Why did it feel like he'd be holding Scott's existence over my head for the rest of my life? This time, there would be no escape. There was no point in pretending I had any choice in the matter. I sent a quick text to Tessa, asking her to undo what we had spent three whole days figuring out.
"The money's on its way back to your accounts as we speak. You never wanted to be allied with the Cattaneos. You wanted to take over their territories. You had Don Marcus killed when he found out," I concluded out loud, looking him in the eye to confirm my suspicions.
"You're late to the party, erede. Scott's making you slow. Go and say your goodbyes to him," said Don Angelo, releasing me.
Scott was waiting patiently for me to come to him, having given up on forcing the issue. I wanted nothing more than to run my fingers through his curls and let him take me into his arms, but I was terrified my whole world would end. That he'd get hurt if I let myself be near him again.

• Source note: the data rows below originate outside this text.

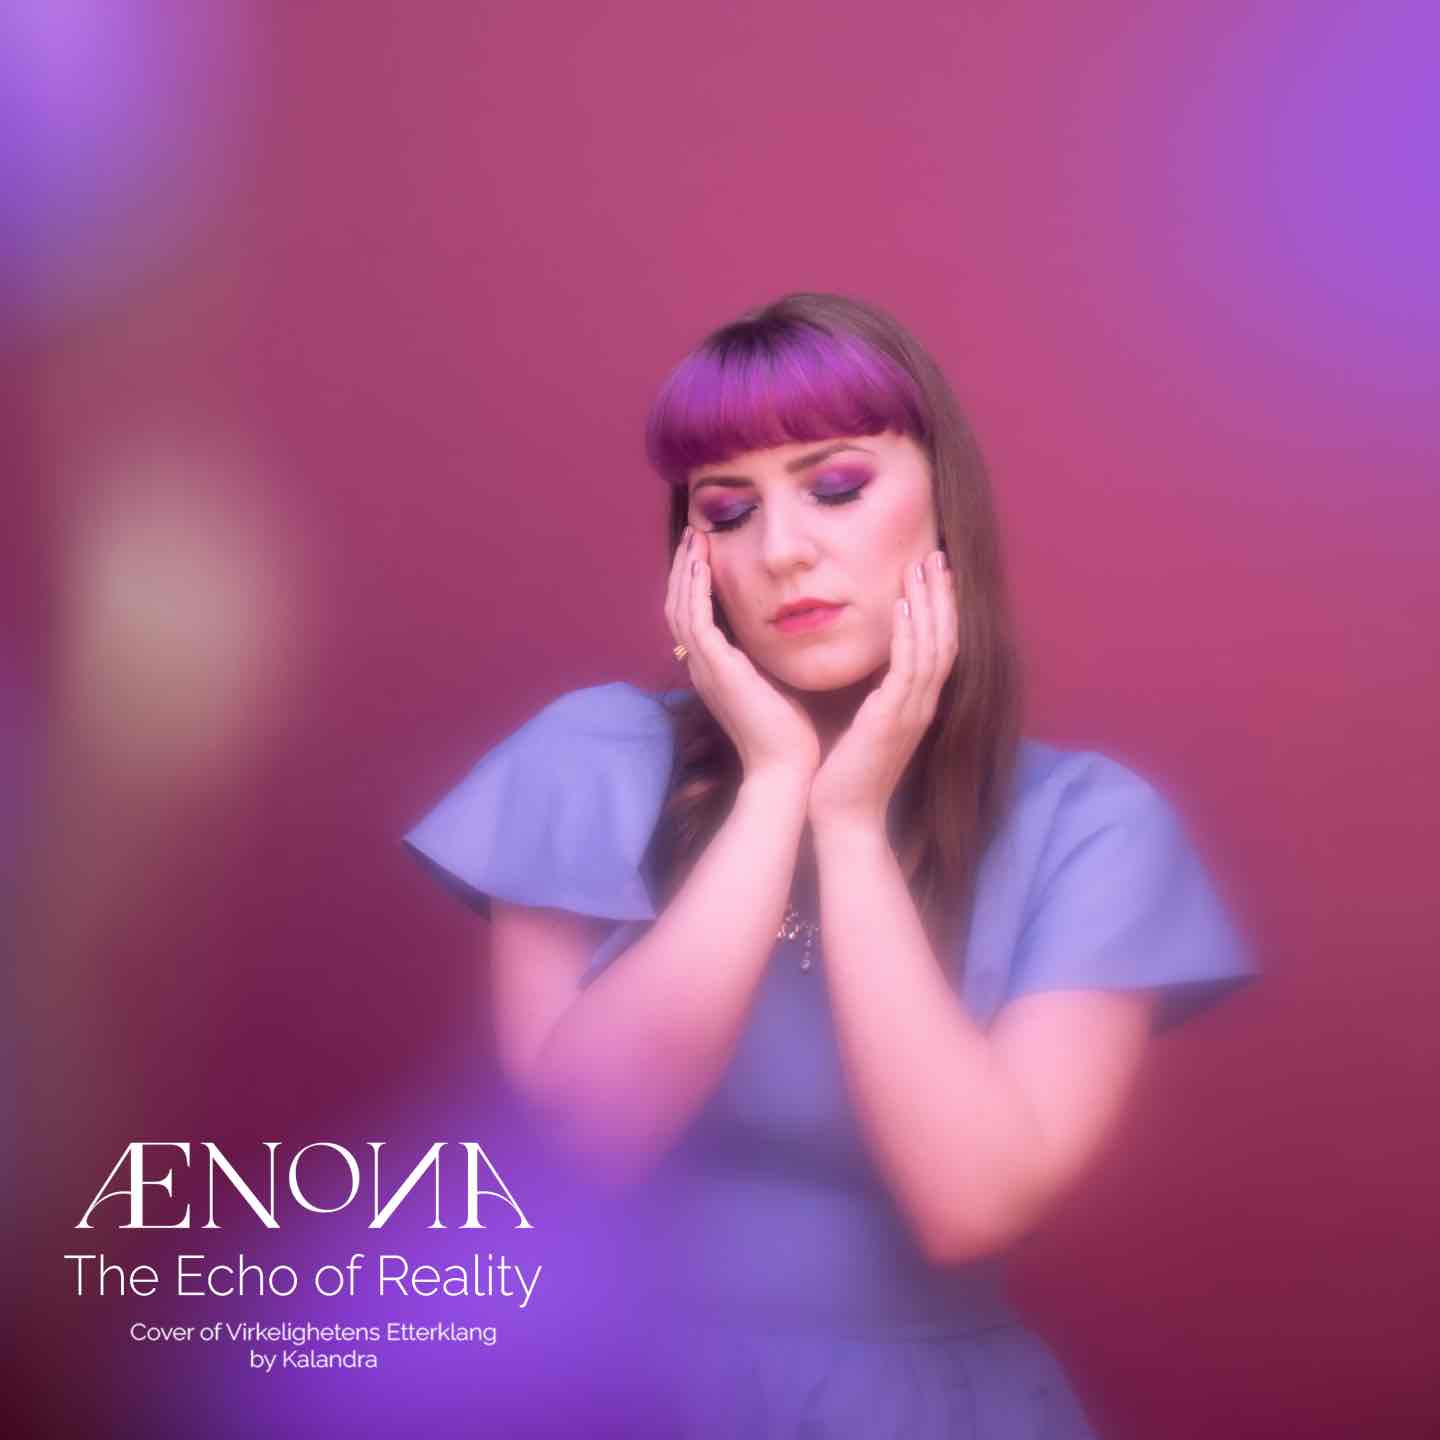 AENONA – The Echo of Reality
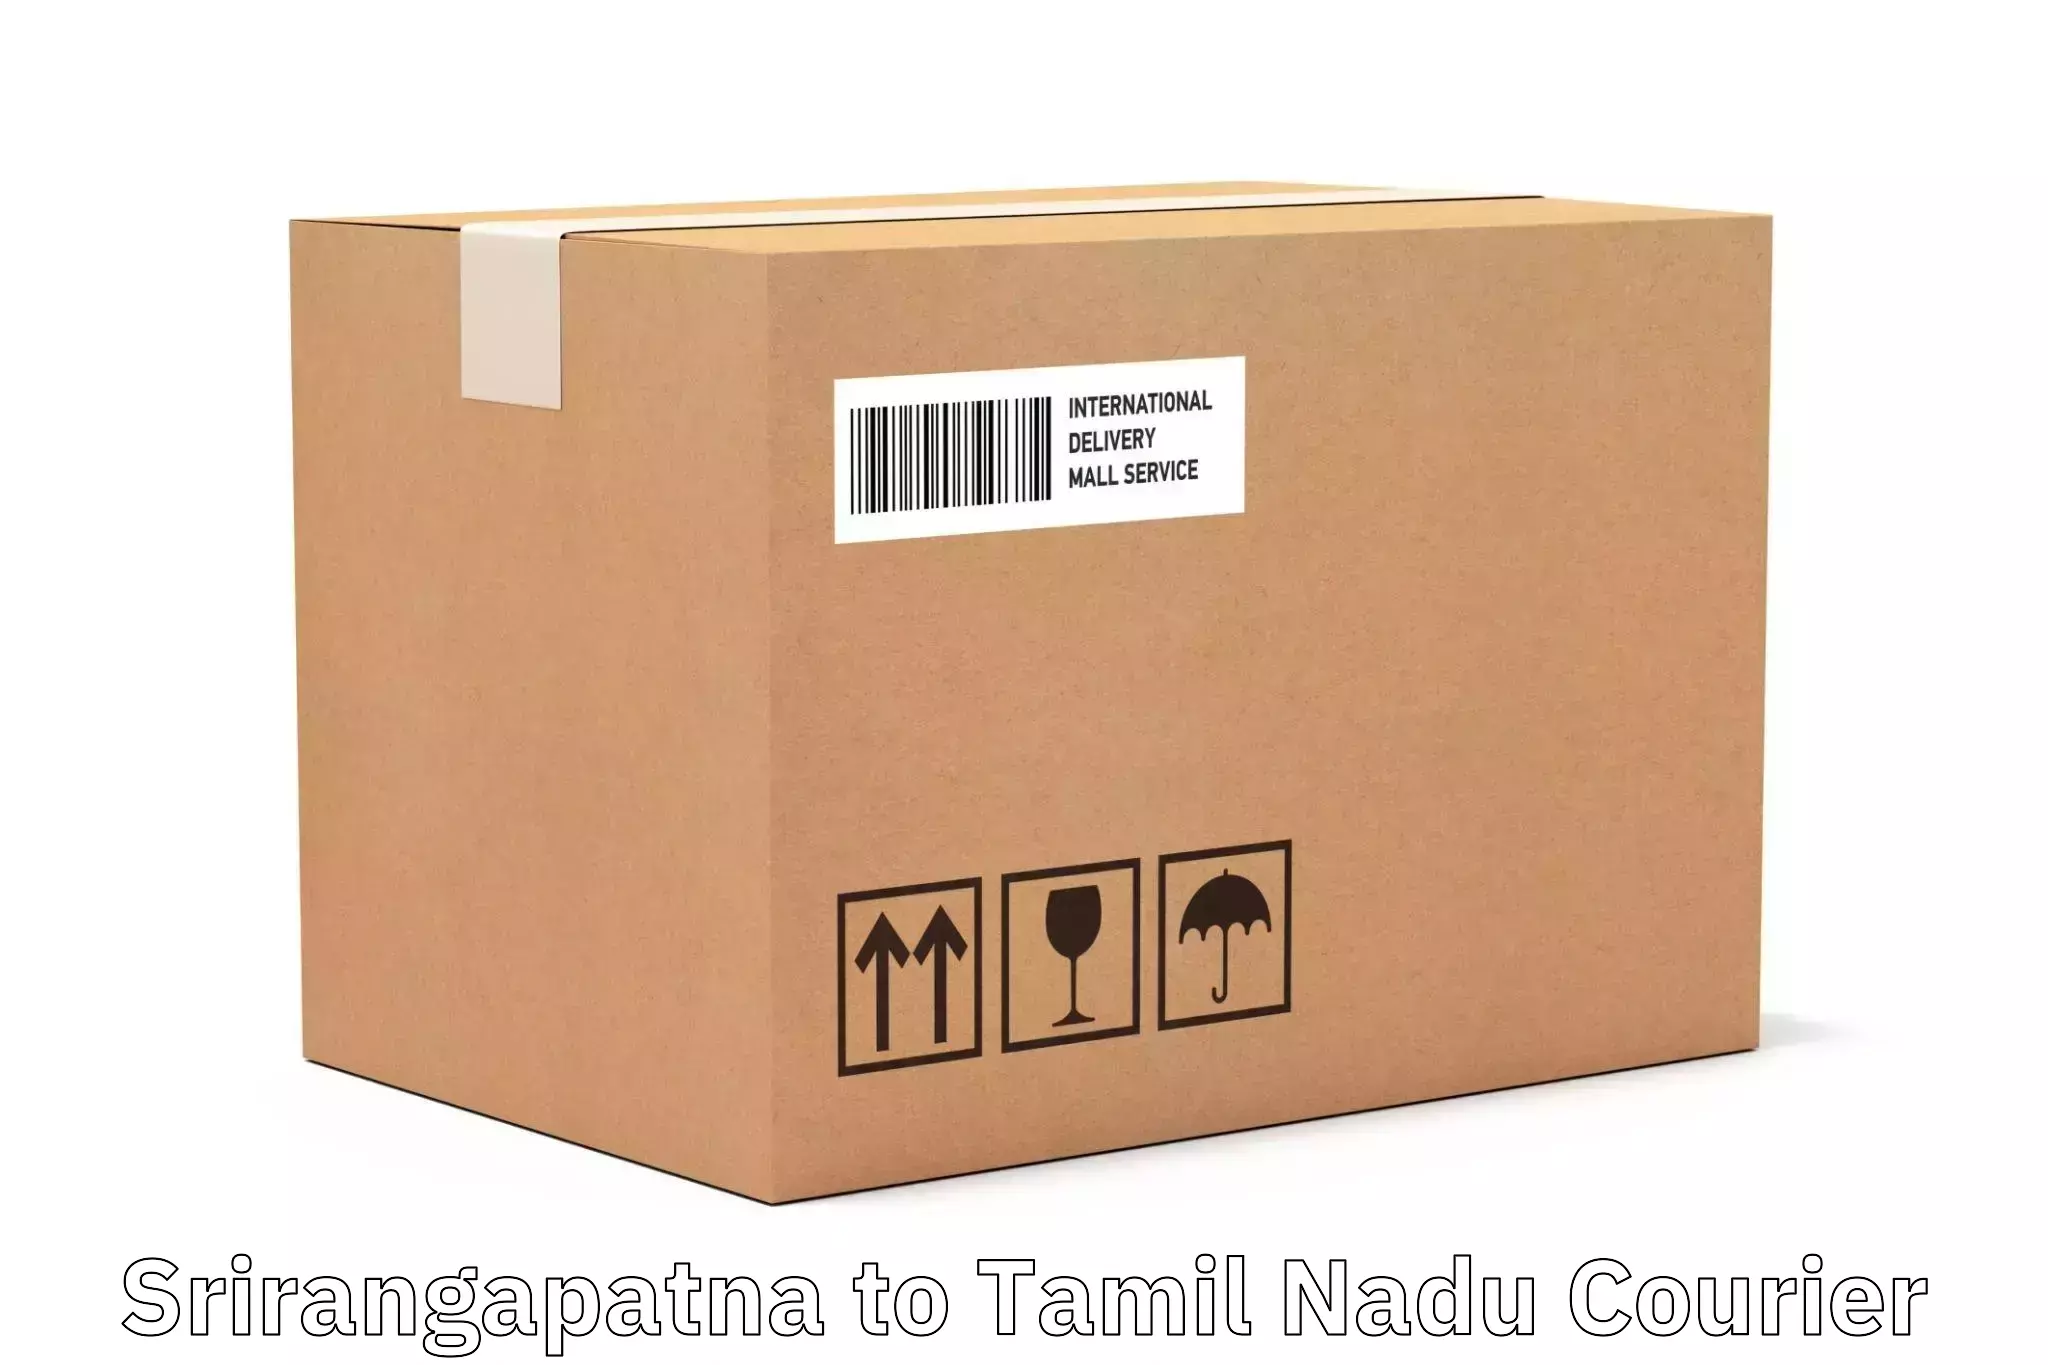 Custom courier packages Srirangapatna to Muthukulathur
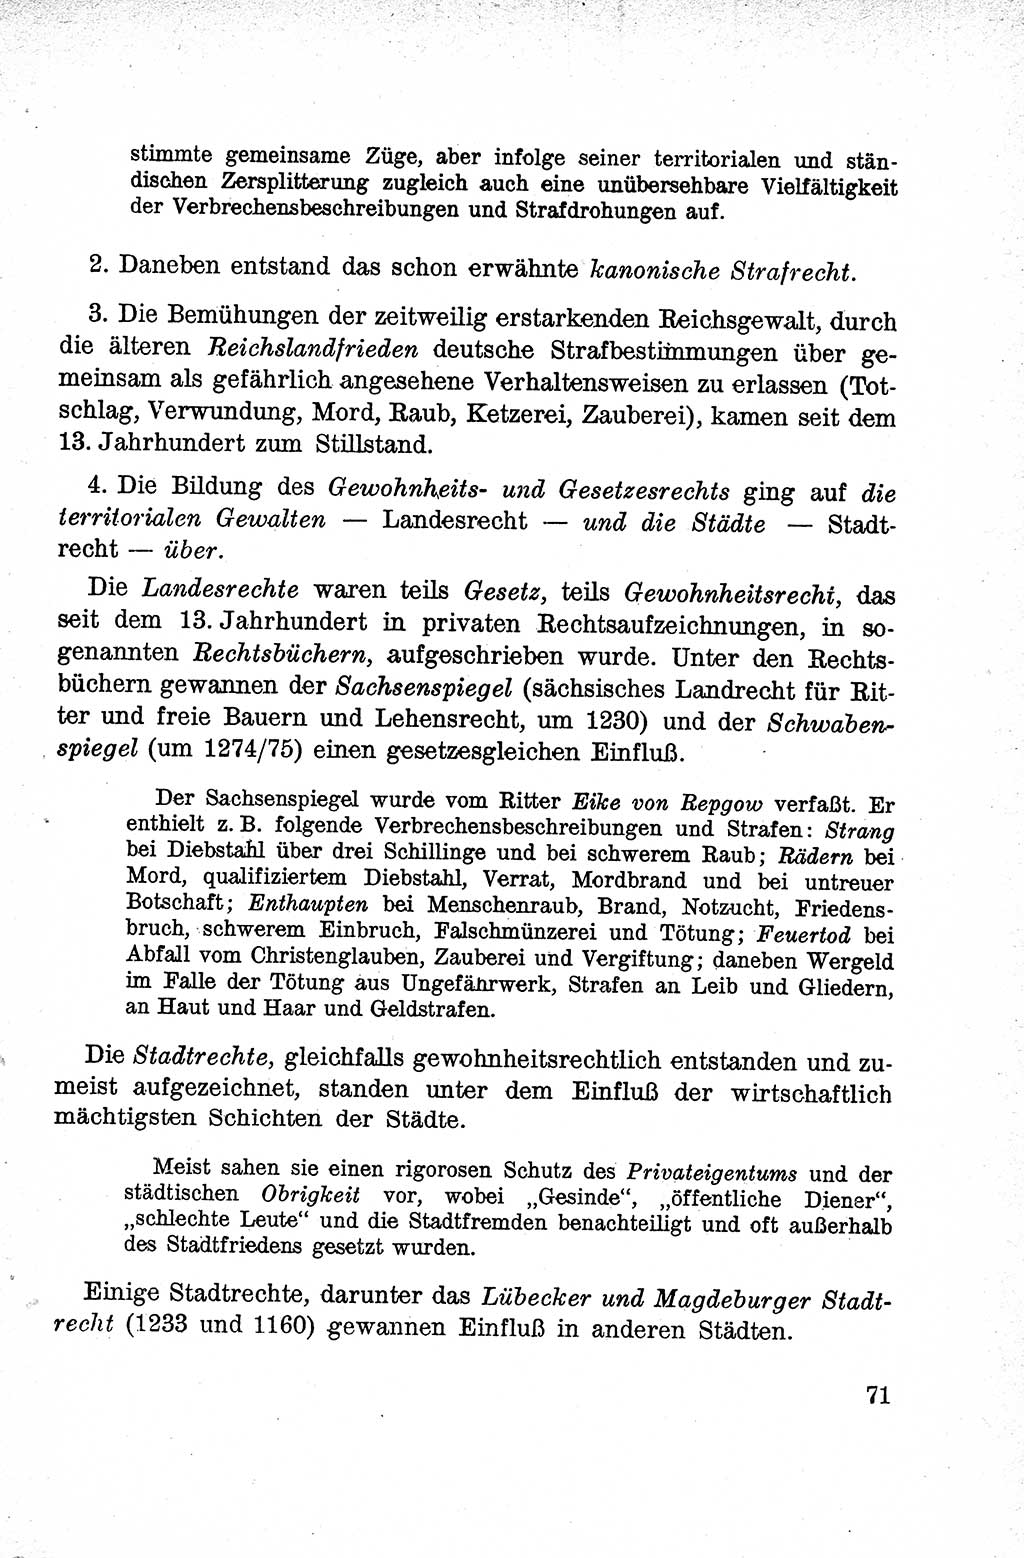 Lehrbuch des Strafrechts der Deutschen Demokratischen Republik (DDR), Allgemeiner Teil 1959, Seite 71 (Lb. Strafr. DDR AT 1959, S. 71)

"I insist," Don Angelo said in parting.
With Don Angelo getting lost in the crowd, unable to help myself, I gingerly took steps to cross the room to go to Scott. He beamed at me reassuringly and my heart hurt. Was this how it would end? We deserved so much more. As the woman he loved, he deserved all that I was. Am. Will become. Everything that would always be his no matter where I was.
Mere moments away from being reunited with Scott, I ran into Luca and hope blossomed in my bosom.
"Congratulations," I said, thoughts of double crossing Don Angelo yet again by telling Luca what I knew to forge an alliance going through my mind.
Images of Scott before me while I held a gun to his head, followed by memories of every last bullet I had ever fired flooded my brain, threatening to snuff out that hope.
"Thank you, bella. It could have been you. Your loss," said Luca, holding up a champagne glass to his grinning lips.
"Take me away with you and Jenny," I said, fresh out of justifications, not sure if I was asking him to help me save Scott or to let me into his circle to bring down the Cattaneos.
"Okay. Be ready to leave in ten minutes. Tell Scott he fought valiantly and for that, he has my respect. That's why I never forced our marriage. Against my better judgement, you had me thinking you'd make it. Alas," said Luca, leaving it at that.
"You told me so?" I asked, his eagerness to take me with them despite me not being useful to him anymore setting off alarm bells.
Did he already know about Don Angelo killing Don Marcus? If he did, he'd know what Don Angelo had sent me to do and Jenny and I would be sitting ducks, marked for death. Was I willing to risk that for Don Angelo, who couldn't even say that he'd let Scott live? Did I really think I had a choice?
"I'm a proud man, but I'm not above admitting when I am wrong. I was wrong about Scott leaving you. Him being here today, surrounding himself with all this just for a dance with you, proves it. I was wrong about you ending up with me. Wouldn't it be interesting to see what else I'm wrong about? Mr. Expert awaits," he said, a twinkle in his eye as he left to join Jenny.
Stupid Luca had my mind going crazy, thinking of all the possibilities as I continued my journey to Scott. I thought of all the ways that this could play out. If I did defy Don Angelo, it certainly wouldn't be the first time.
"Hi Scottie," I said with a smile on my face, finally before him.
The stakes were high, but to keep him safe, I'd risk everything.
I meant it when I said I'd sell my soul to save you, Scott.
"Hey sexy lady," he said, taking my hand and twirling me around in my bridesmaid's dress. "You're a sight for sore eyes," he said, pulling me into his arms, my fingers instantly gliding through his soft curls as he asked
, "Dance with me?"
The only question was: who would I be selling my soul to?